**Recorded information**
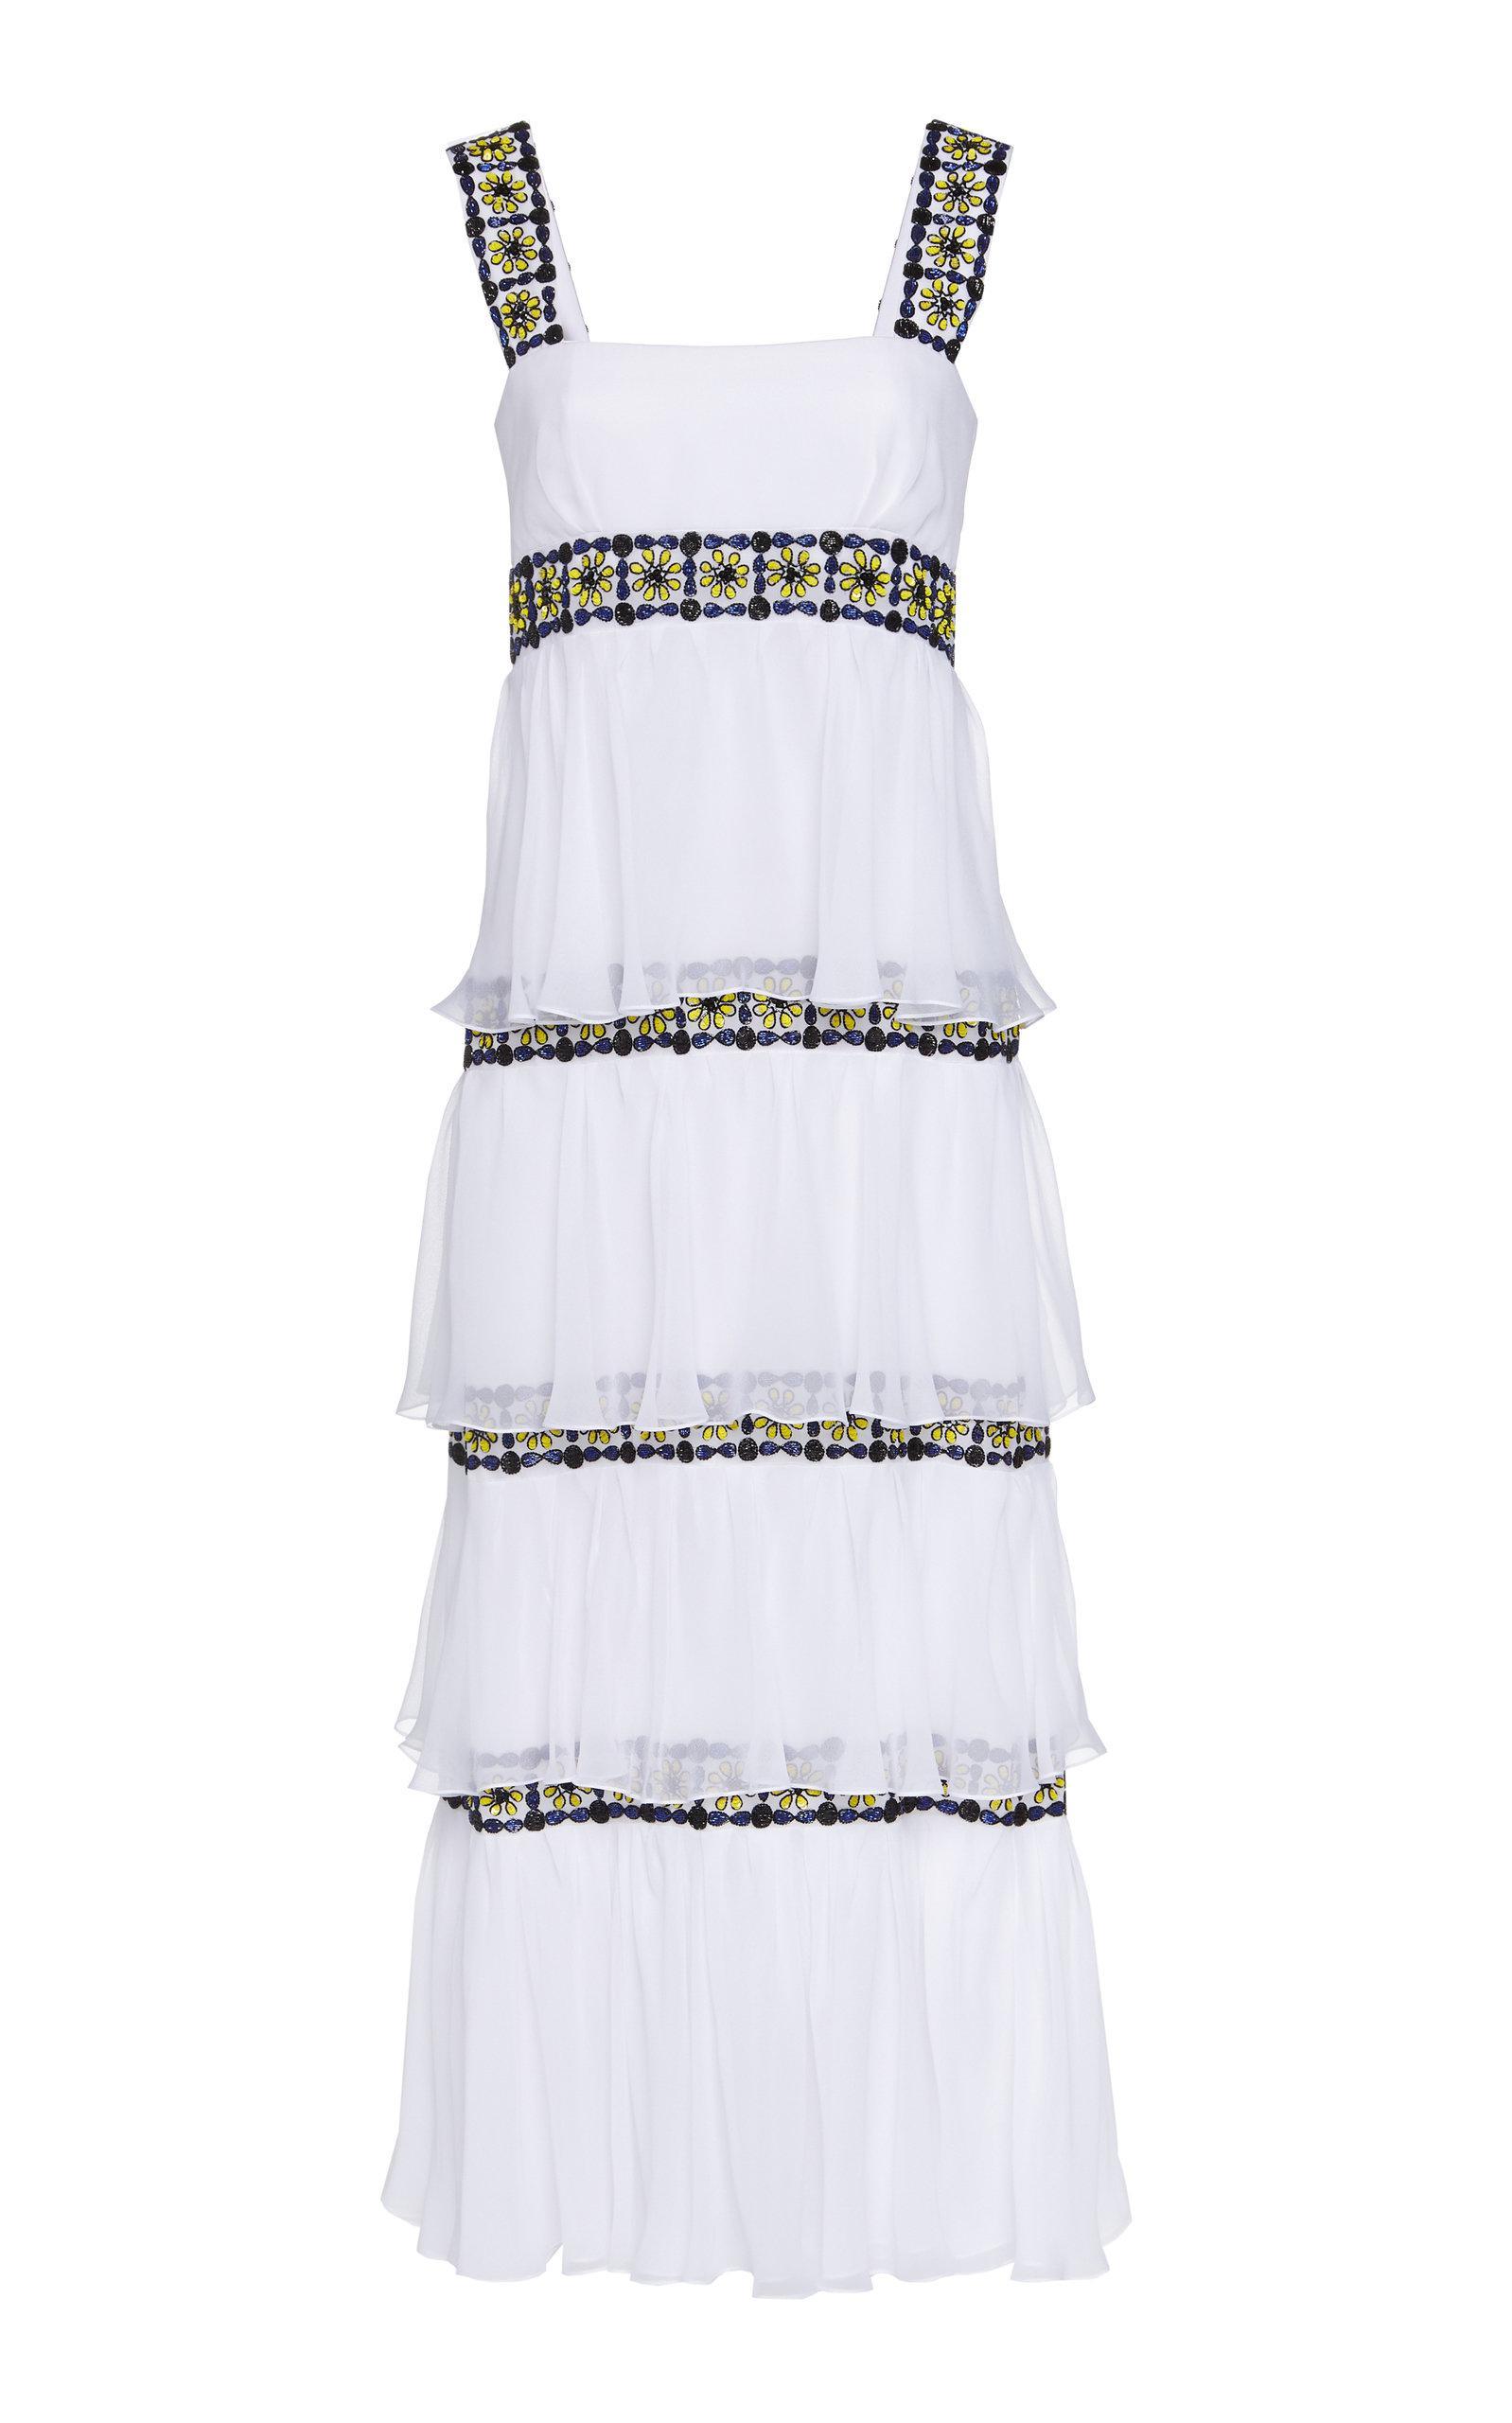 Tiered Mosaic Dress Carolina Herrera 9mnWWY7d4e
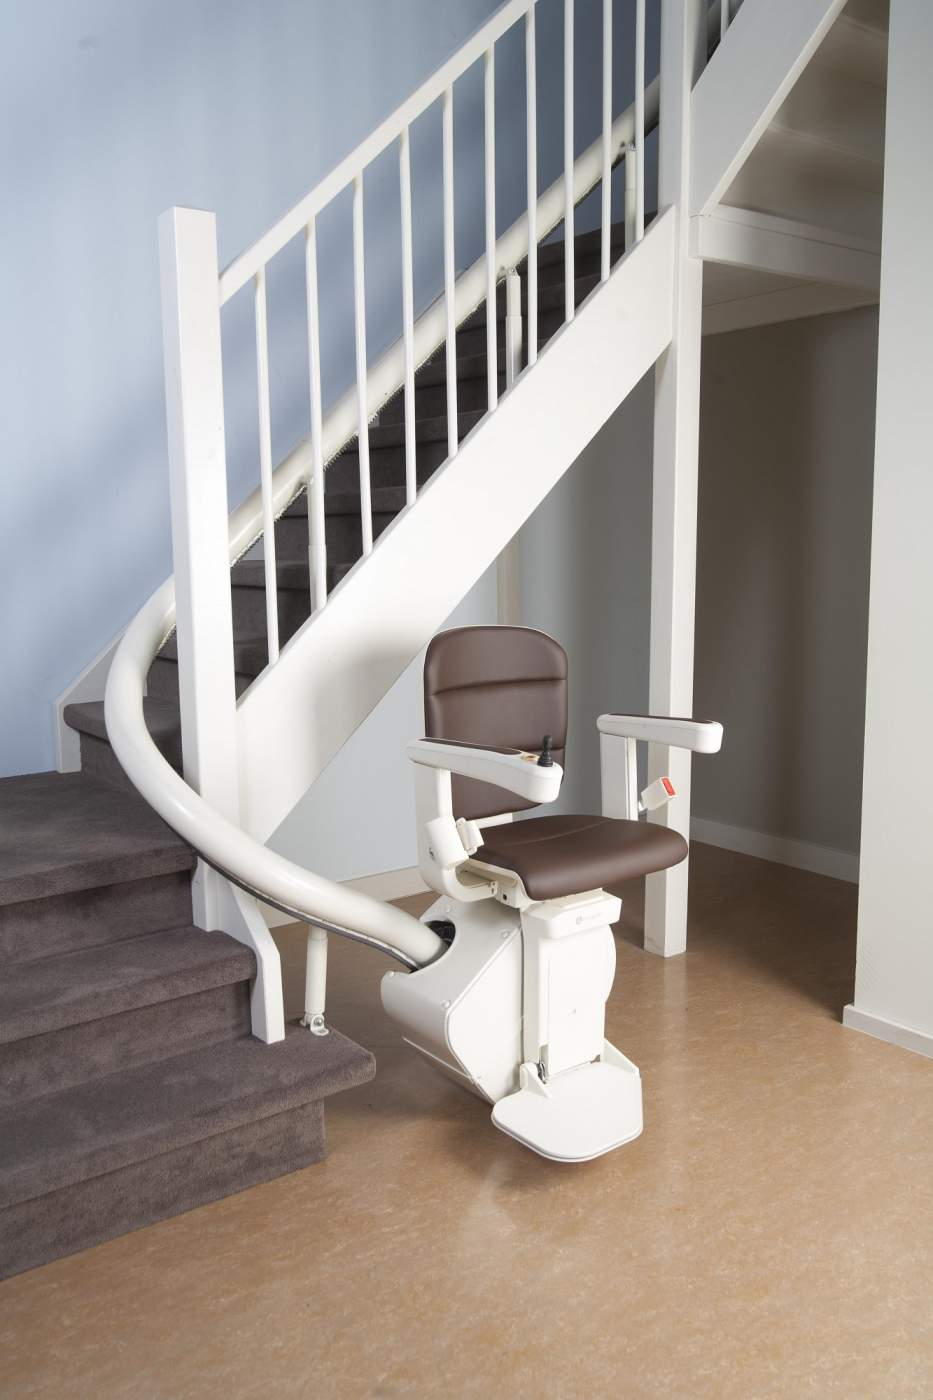 monte escalier a toulouse
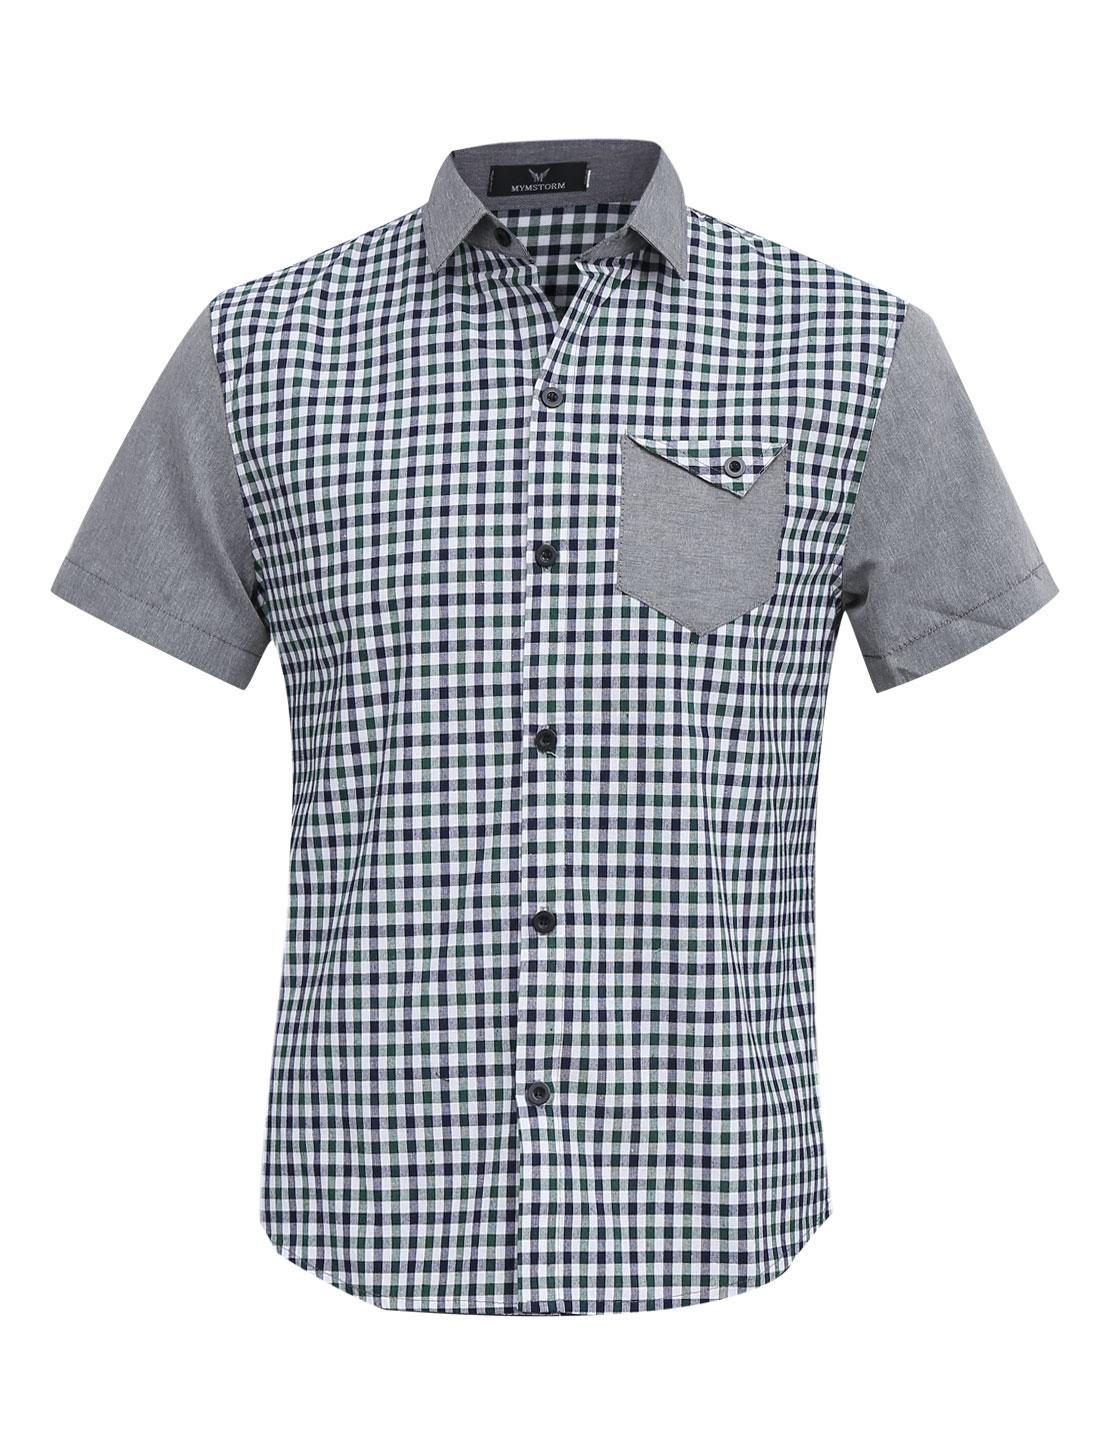 Men Chic Buttons Closed Plaids Pattern Splicing Shirt Green Light Gray M

**Task**
Instruction for this listing: copy it exactly, but leave the images behind.

**Your solution**
 Tiered Mosaic Dress Carolina Herrera 9mnWWY7d4e
 monte escalier a toulouse
 Men Chic Buttons Closed Plaids Pattern Splicing Shirt Green Light Gray M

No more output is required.